Pictures of this kind are not uncommon in the lives of religious enthusiasts, but they usually have a very limited interest and importance. It is, however, scarcely an exaggeration to say that the scene which took place at that humble meeting in Aldersgate Street forms an epoch in English history. The conviction which then flashed upon one of the most powerful and most active intellects in England is the true source of English Methodism. Shortly before this, Charles Wesley, who had also fallen completely under the influence of Boehler, had passed through a similar change; and Whitefield, without ever adopting the dangerous doctrine of perfection which was so prominent in the Methodist teaching, was at a still earlier period an ardent preacher of justification by faith of the new birth. It was characteristic of John Wesley that ten days before his conversion he wrote a long, petulant, and dictatorial letter to his old master, William Law, reproaching him with having kept back from him the fundamental doctrine of Christianity, and intimating in strong and discourteous language his own conviction, and that of Boehler, that the spiritual condition of Law was a very dangerous one.

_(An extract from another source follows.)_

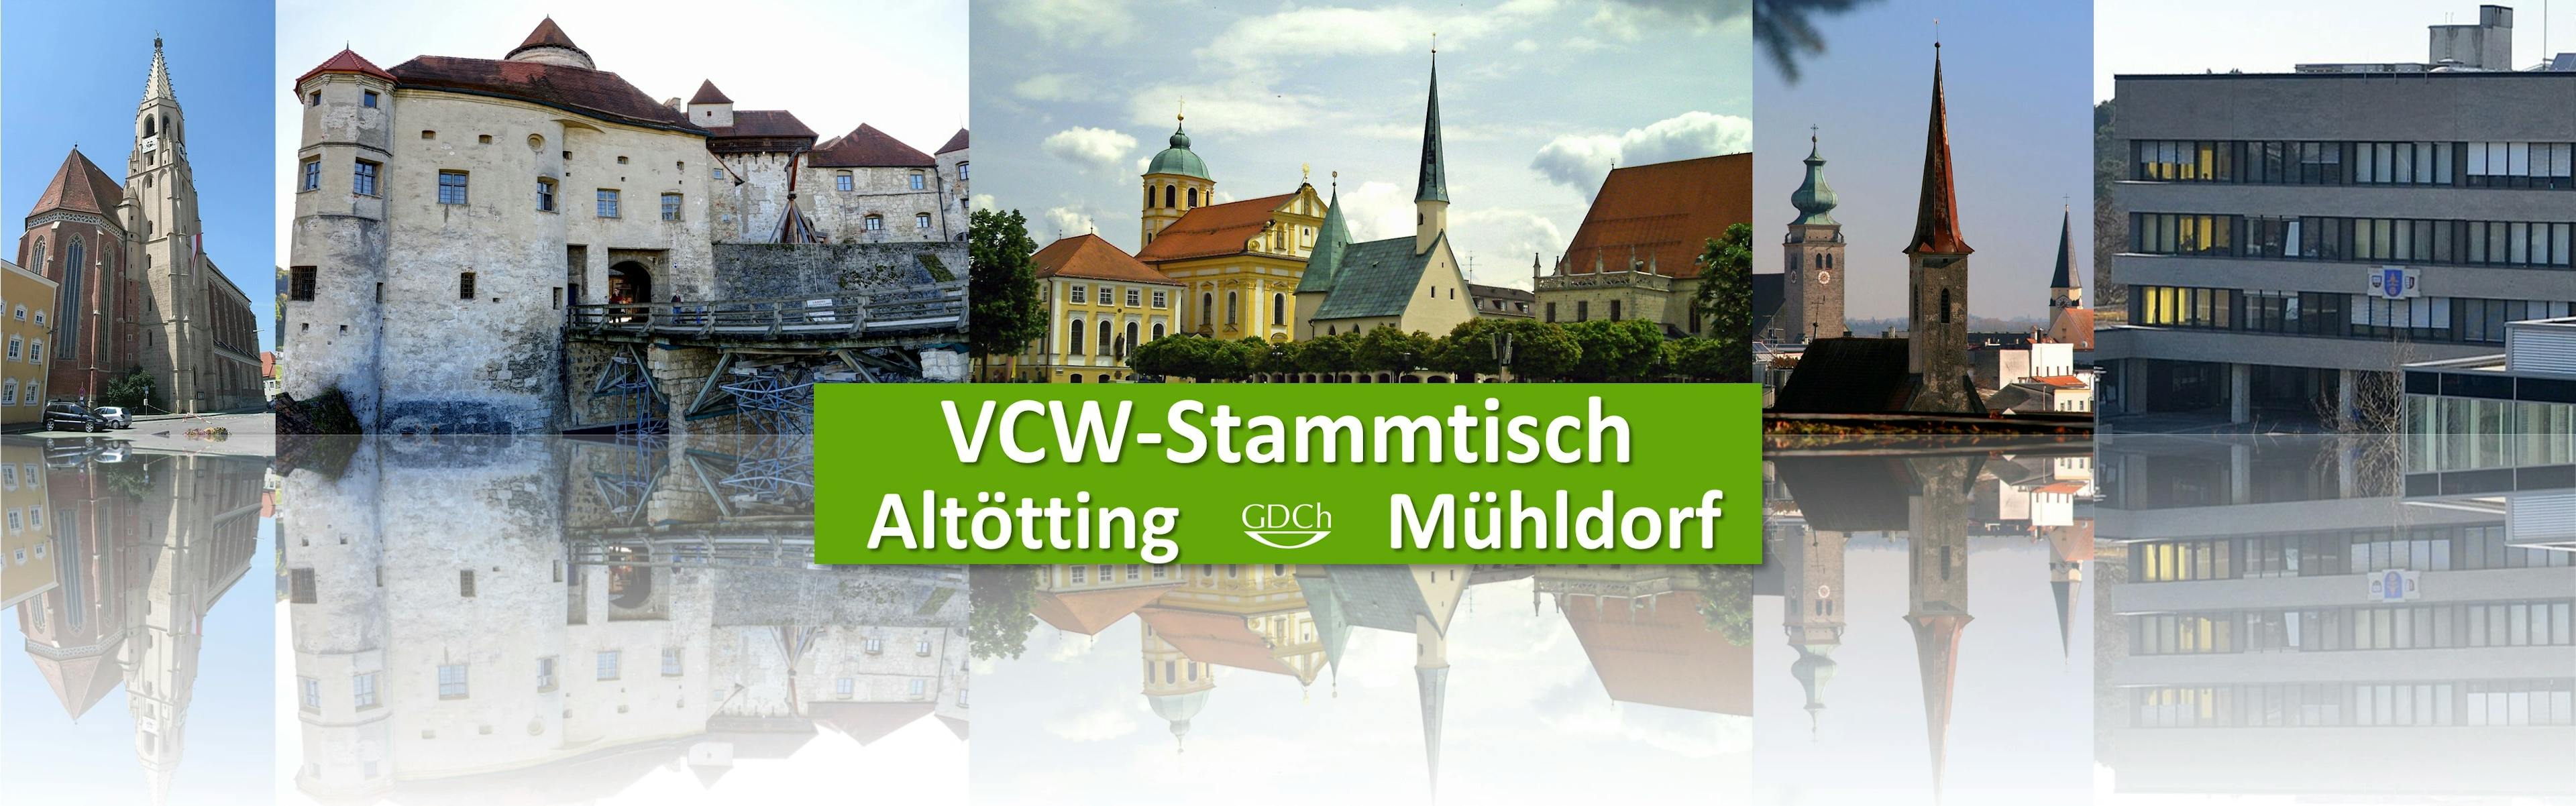 VCW-Stammtisch Altötting/Mühldorf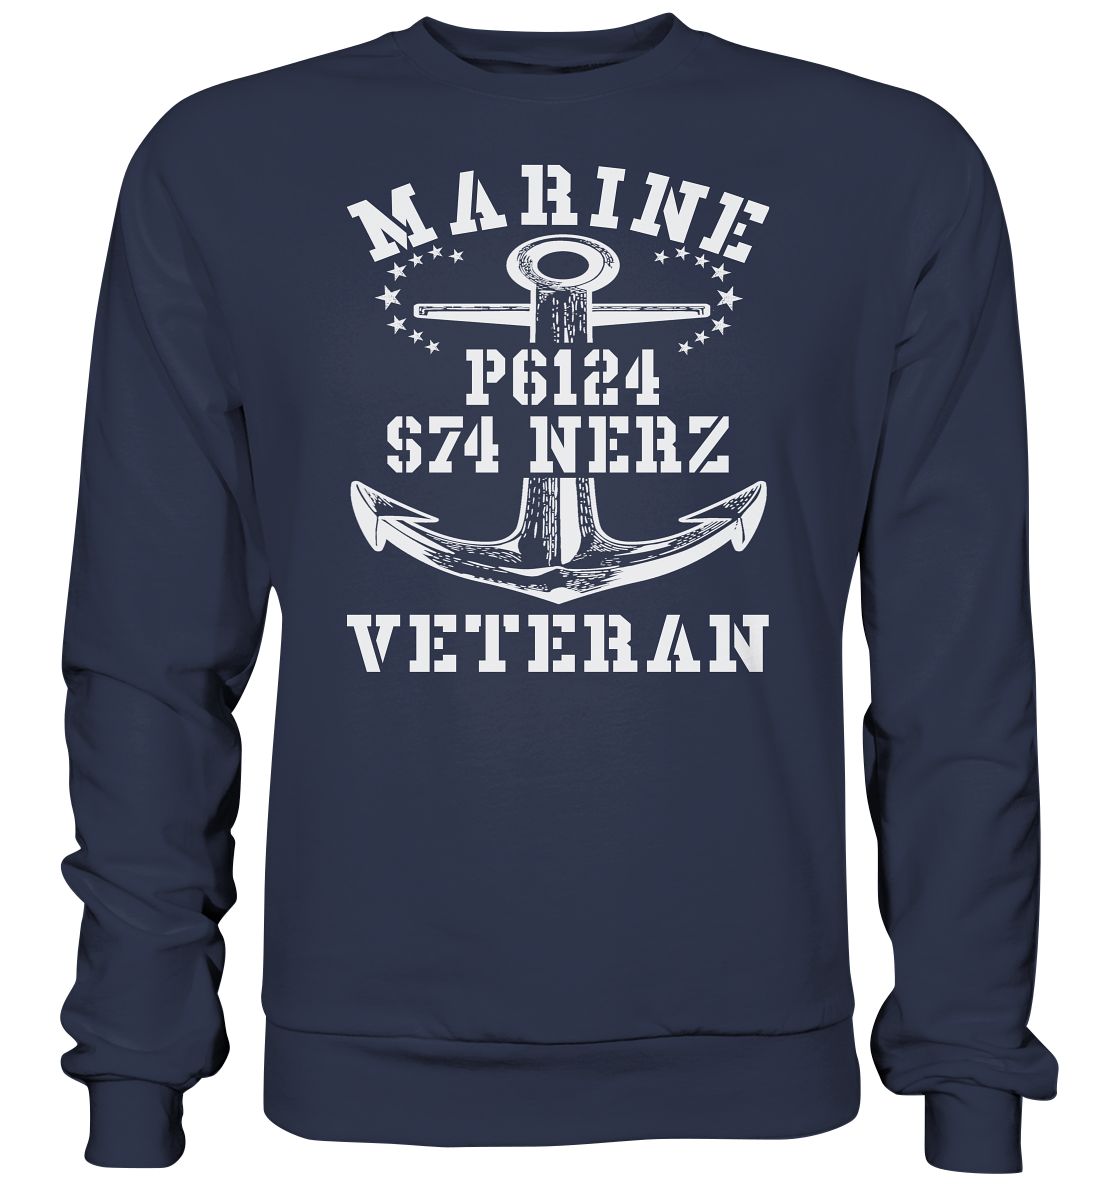 FK-Schnellboot P6124 NERZ Marine Veteran - Premium Sweatshirt

It was no less characteristic of the indefatigable energy which formed another and a better side of his nature, that immediately after this change he started on a pilgrimage to Herrnhut, the head-quarters of Moravianism, in order that he might study to the best advantage what he now regarded as the purest type of a Christian church. He returned objecting to many things, but more than ever convinced of his new doctrine, and more than ever resolved to spend his life in diffusing it. In the course of 1738 the chief elements of the movement were already formed. Whitefield had returned from Georgia. Charles Wesley had begun to preach the doctrine with extraordinary effect to the criminals in Newgate and from every pulpit into which he was admitted. Methodist societies had already sprung up under Moravian influence. The design of each was to be a church within a church, a seed-plot of a more fervent piety, the centre of a stricter discipline and a more energetic propagandism, than existed in religious communities at large.